Working behind a camera brings an awareness of one’s observations. Even with the mechanical nature of a camera, the human aspect of perception and curiosity leaks through it. Why do you take photos of the things that you do? How do you determine the placement and focus? As an active photographer, you start to ask these questions a lot more often than the average hobbyist or person who owns a camera does. The role of aesthetics becomes secondary to the role of communication and perception of what is in the photograph.
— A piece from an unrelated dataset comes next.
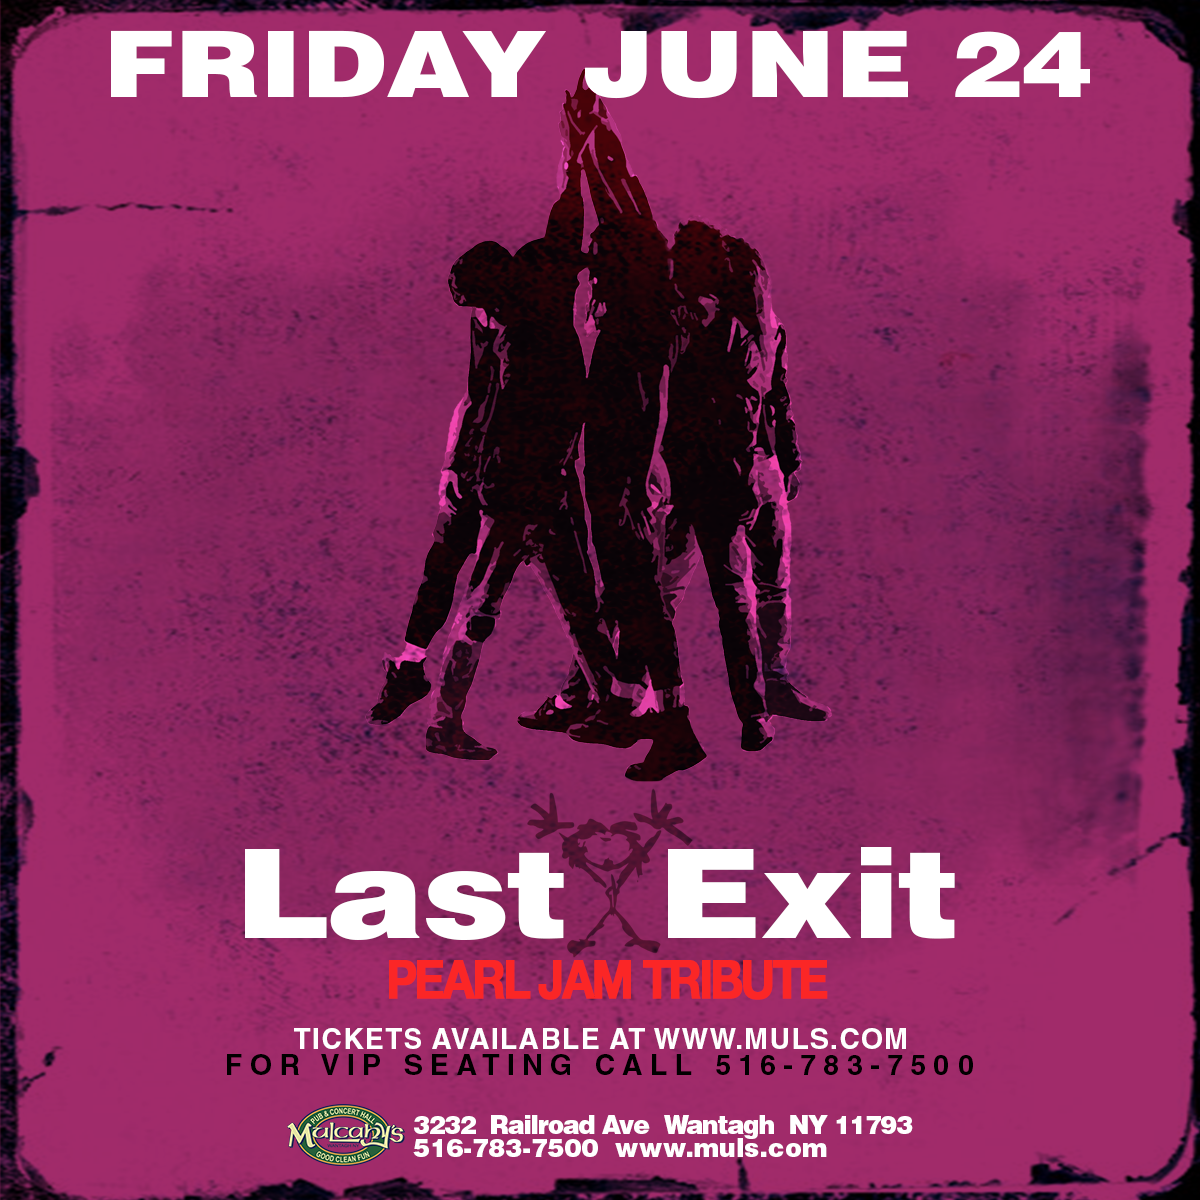 Last Exit June 24 Insta copy.png

The Nude in fine art photography is a subject I have always had mixed feelings about. The idea of photographing a nude body that is not my own has always felt terrifying and ethically conflicting as I am not the body that is in front of the camera. Historically, the nude in paintings and photography has always been of women in certain ways I could never understand. My relationship with my own body has always been conflicting, only recently I have started to form my own views on it, despite the ever-growing pressure of the society to mould it in a conventional and exploitative way. My recent work is heavily influenced by the naked body and my growing relationship with it. The male gaze upon a female body is something that is over-represented in the arts; my work exposes the neutral gaze within the subject matter. My work Cement Bodiesis The Nude that I want more people to see.
The naked female form in art has always held a significant value. Often deemed beautiful, rash, controversial or judgemental, the female nude has always been a tool and object of many works. John Berger claims that
“A naked body has to be seen as an object in order to become a nude.” (Berger, Ways of Seeing, 1972)
This view in turn makes it want to be used as an object. This view of the nude has the presumed male spectator. This is the main view that people have employed in the society, including females about their own bodies. Although the male is seen as the active and female as the passive gaze (Jacobsson, 1999), with my project I try to encourage the female gaze to become more active; combining both gazes into a neutral one.This view of appeal to his sexuality (Berger, Ways of Seeing, 1972) is restricting and degrading. It has no corelation with her, the one who is being looked at. This is being said as an observation that has impacted my life before the observation was made.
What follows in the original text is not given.